DATA PROVIDED =>

[Start of section]

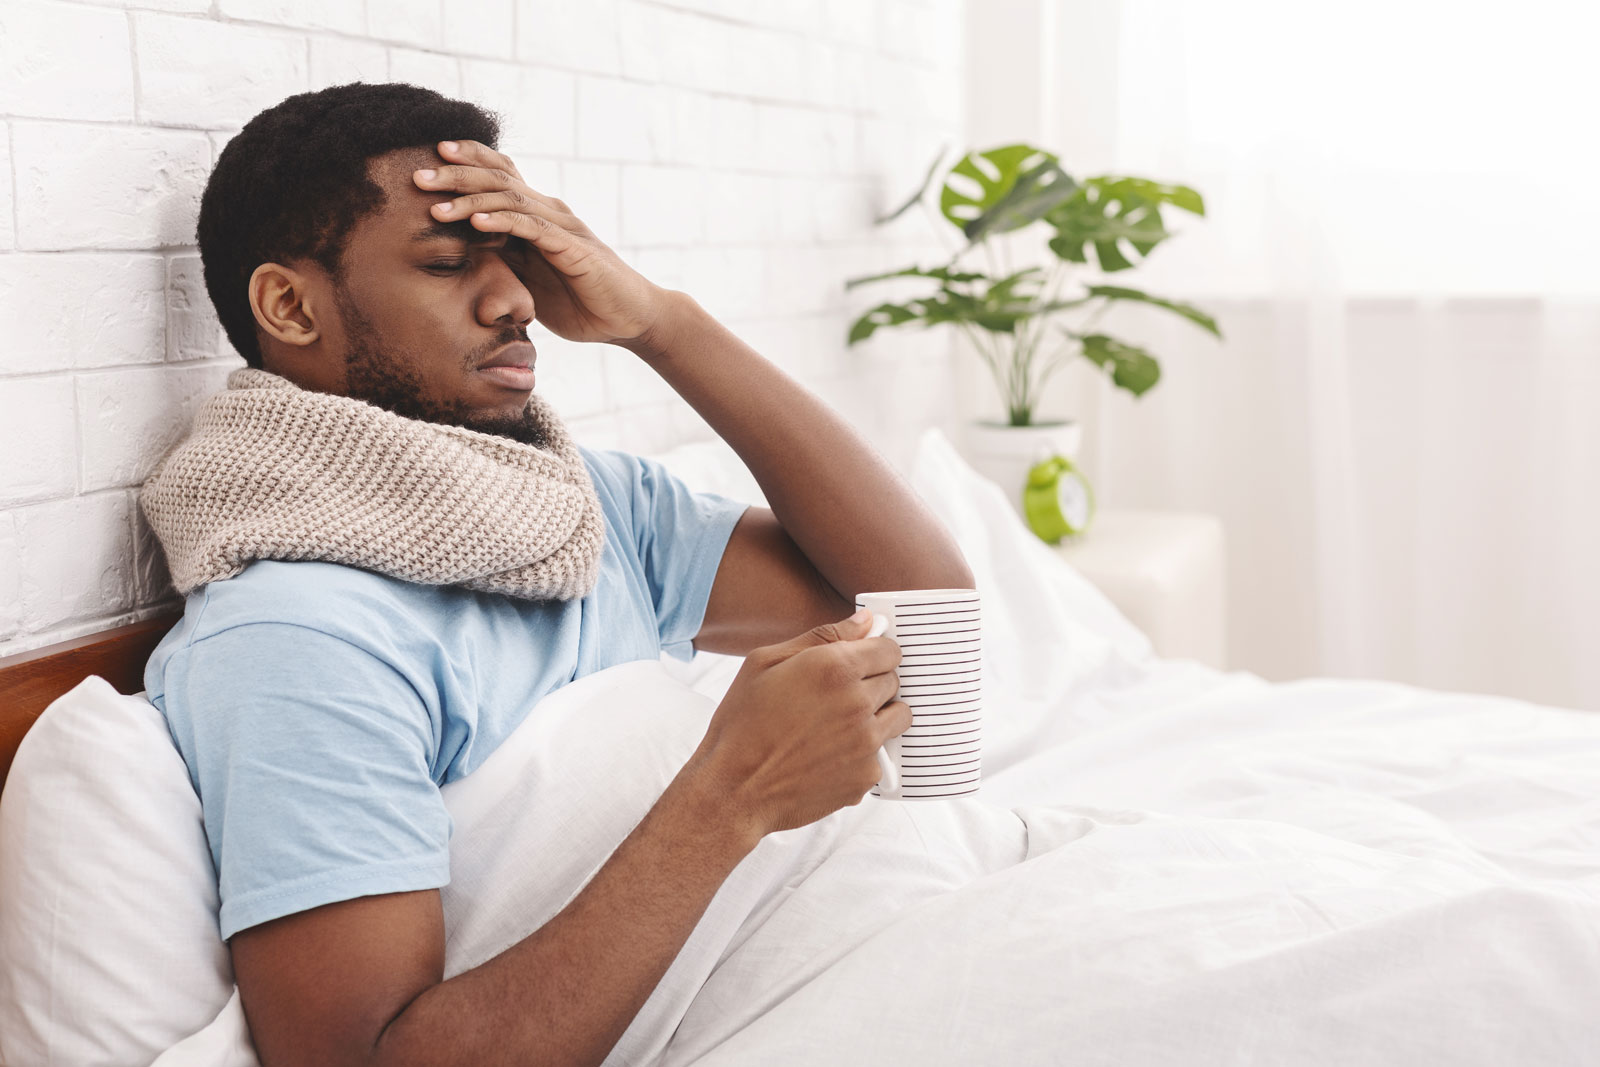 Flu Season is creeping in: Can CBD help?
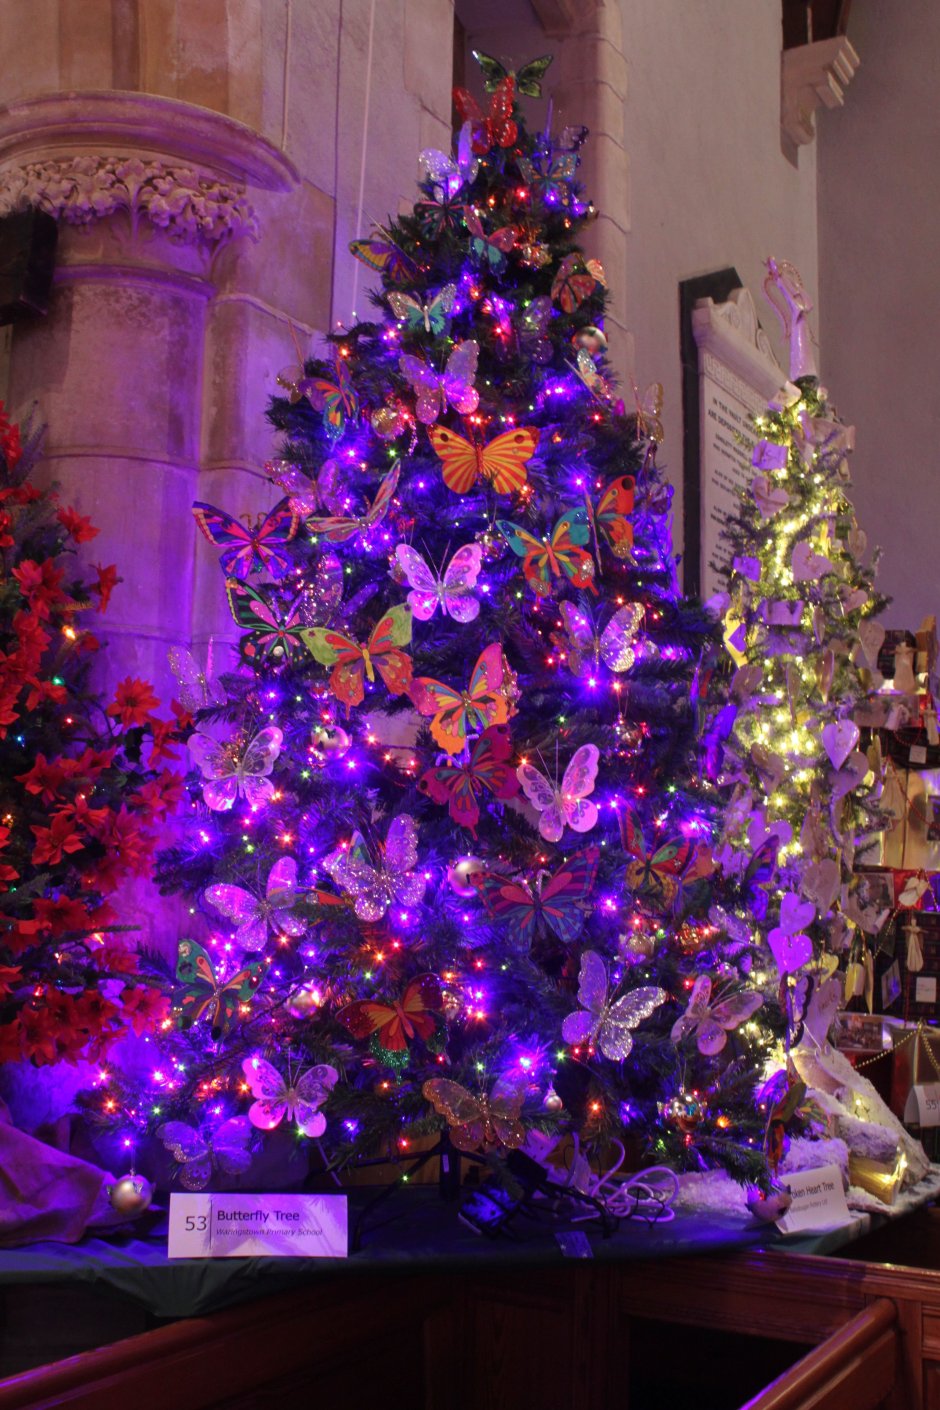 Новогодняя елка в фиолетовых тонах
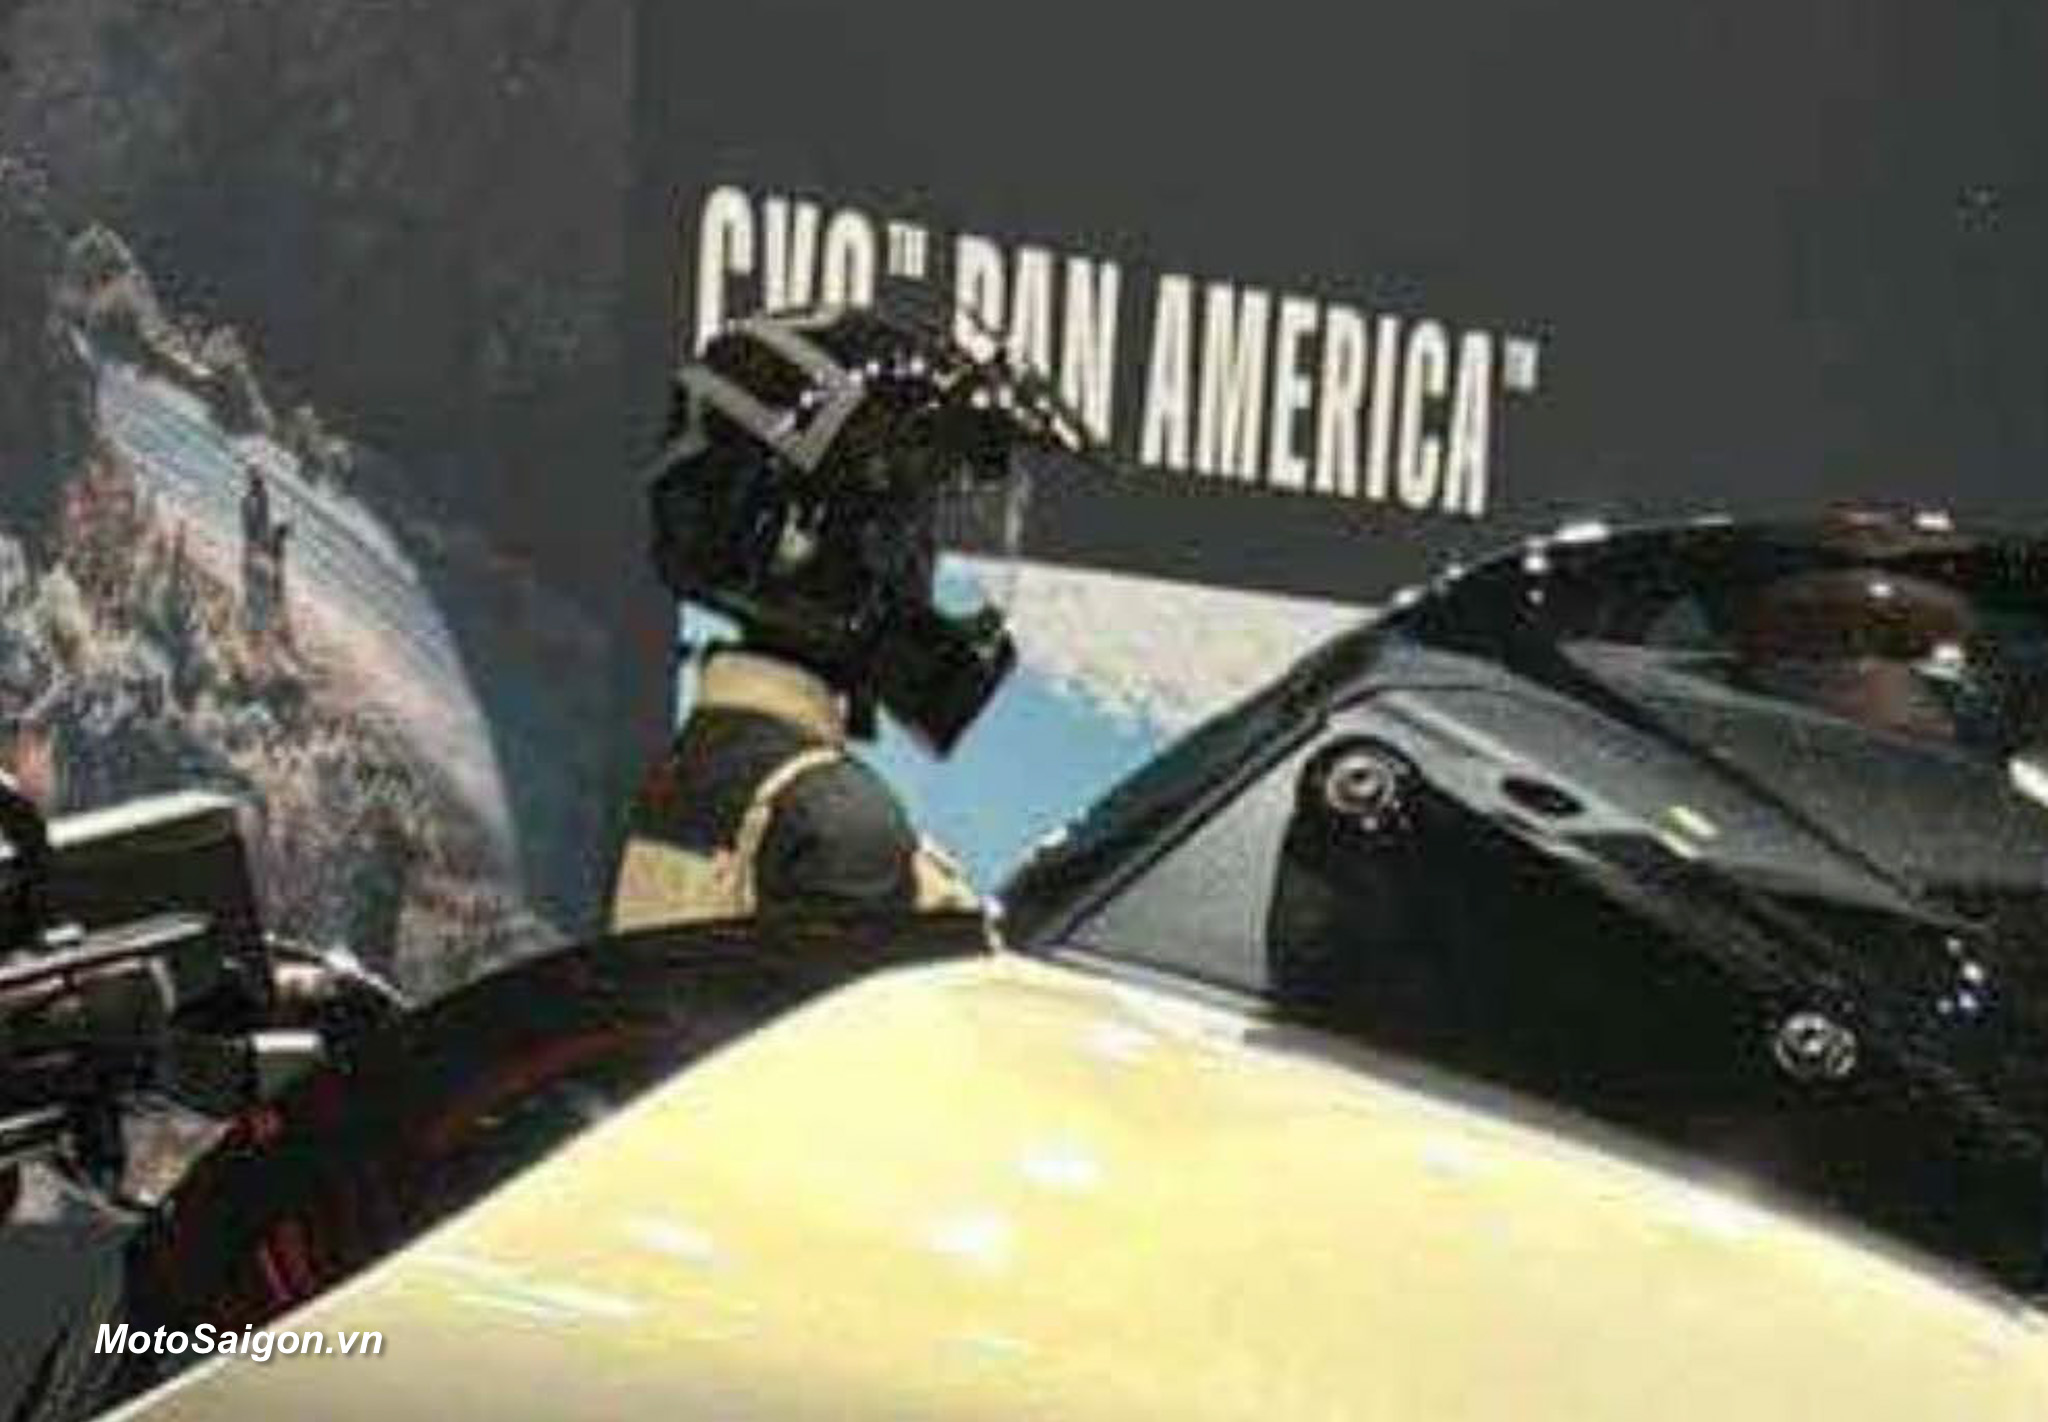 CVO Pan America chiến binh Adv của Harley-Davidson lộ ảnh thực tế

[End of section]

Restate the data above word for word, omitting every picture.

 Flu Season is creeping in: Can CBD help?
 Новогодняя елка в фиолетовых тонах
 CVO Pan America chiến binh Adv của Harley-Davidson lộ ảnh thực tế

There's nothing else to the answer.